Wang, for instance, says her outgoing nature and fluency in Cantonese helped her make friends, and she plays table tennis with several groups she met at local sports centres and while on the school team at HKU.

Kang, on the other hand, has found it harder to pick up the language, despite watching instructional videos on YouTube.

“I’ve tried speaking Cantonese at eateries, and the servers would tell me to speak Mandarin instead. It’s defeating,” he says.

It has affected his social networking too, and he is aware that “you need to share a common language if you want to form a deep friendship with someone”.

But that has not discouraged him from pursuing his entrepreneurial dreams in Hong Kong. Late last year, he founded a blockchain consultancy, backed by a Chinese-owned company.

Becoming a Hong Kong permanent resident may make it more convenient for me to travel abroad, but there’s nothing else I can get out of it. It’s not like I would be able to afford to buy a home here
Jia Jia, Hong Kong drifter

Although Wang and Jia Jia speak Cantonese fluently and have managed to establish social networks in Hong Kong, both are considering returning to the mainland.

Wang is currently looking for opportunities to return to the mainland, where she is qualified to practice law.
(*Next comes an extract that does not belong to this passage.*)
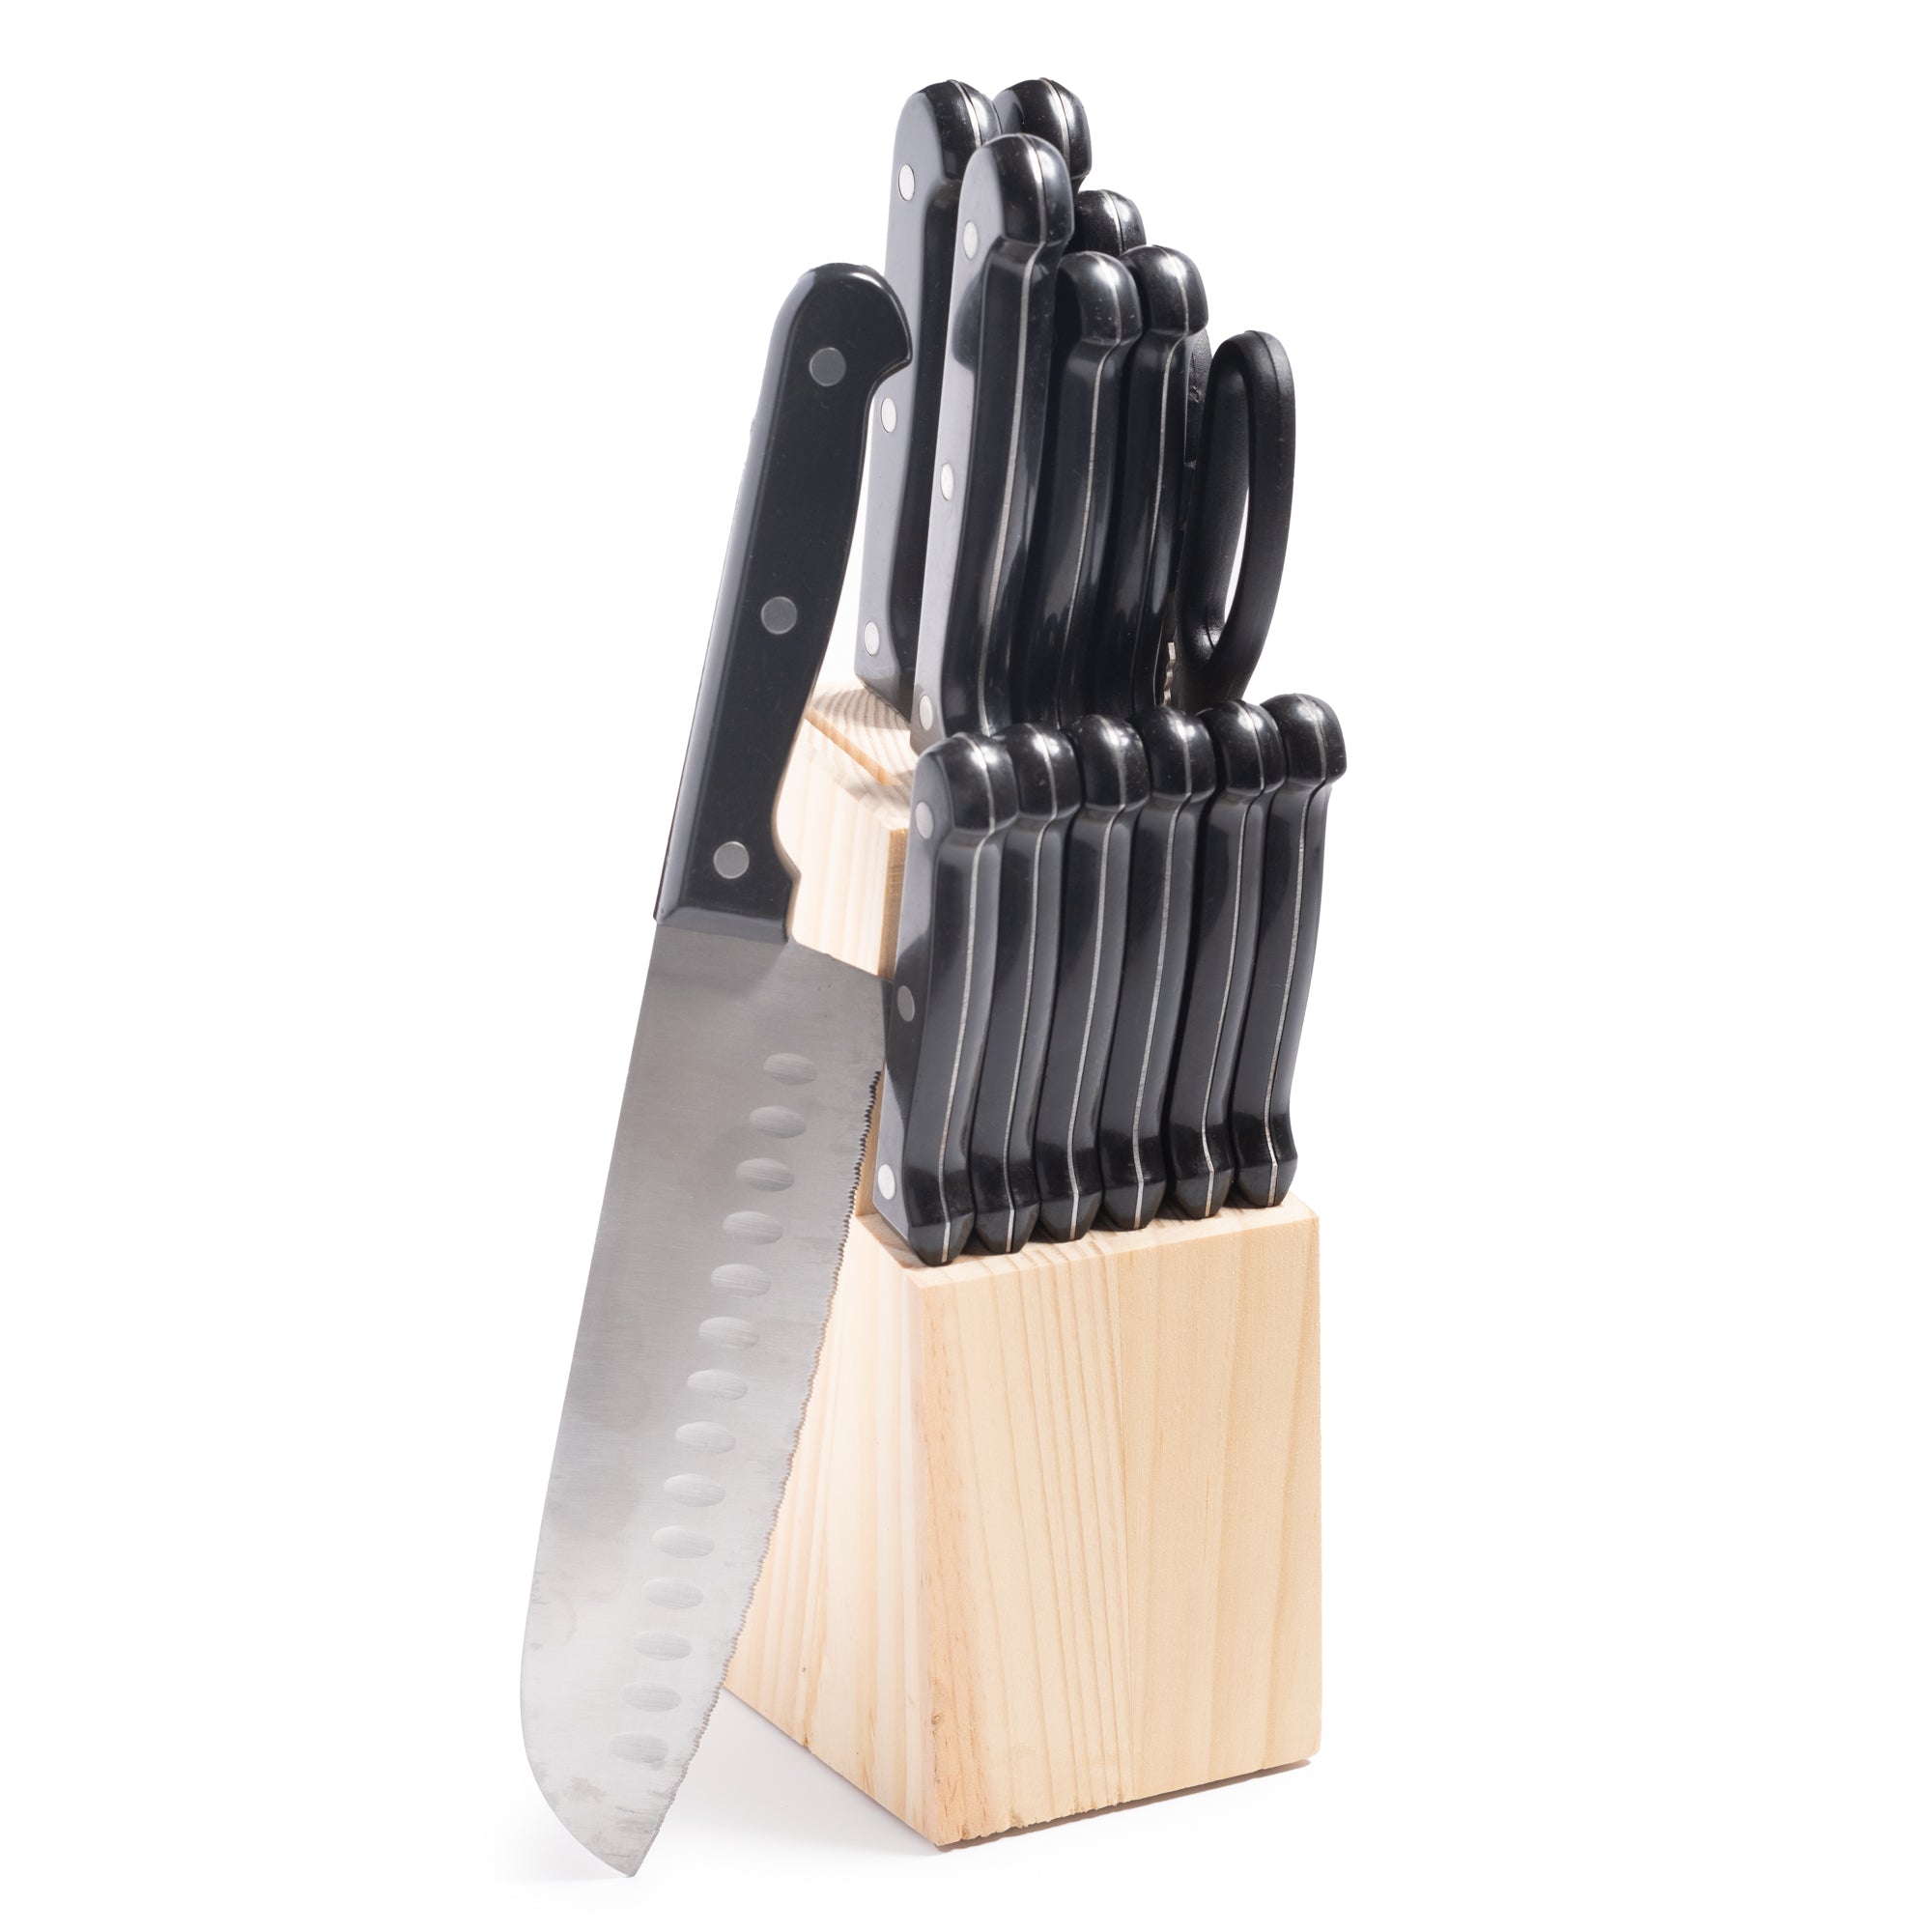 Farberware 15pc Stainless Steel Knife Block Set

She believes her parents and friends might be able to help her get a job at a firm there, something that is less likely in Hong Kong, where her qualifications are not valid.

“Hong Kong has been a great place for me to get experience because it has a good legal reputation,” she says.

“But big cities like Beijing and Shanghai also provide good education, medical service and a pretty good salary. People who got their education in those cities, and have families and connections there, may not choose Hong Kong after all.”

For Jia Jia, 2019 will be the seventh year in Hong Kong, and she is struggling to decide whether to apply for right of abode in the city. If she chooses to stay, she will have to give up her place in the mainland household registration system, and that could complicate the process of returning there for work — something she would consider if the right opportunity came along.

“Becoming a Hong Kong permanent resident may make it more convenient for me to travel abroad, but there’s nothing else I can get out of it. It’s not like I would be able to afford to buy a home here,” she says.

She is already forking out a big chunk of her income for a small place, paying HK$6,000 a month to share a 600 sq ft flat in Wan Chai with two others. Her monthly income is less than HK$30,000.

Even if Jia Jia chooses to stay a while longer, she does not see Hong Kong as a place to live for the long haul.

“I see old people getting up from their seats way before the bus reaches the stop, like they’re always in a rush to go somewhere. Hong Kong is just too stressful and crowded,” she says.

Her hometown of Zhuji has more space, and – bucking a stereotype about the mainland in Hong Kong – people are becoming more civilised and well-mannered.

“Motorists stop for pedestrians now. It wasn’t like this before,” she says. “People are also becoming more vocal against bad behaviour. For example, my mother tells off taxi drivers who use their phones while driving.”

As things change both north and south of the border, she will not be the only Hong Kong drifter to heed the call of home.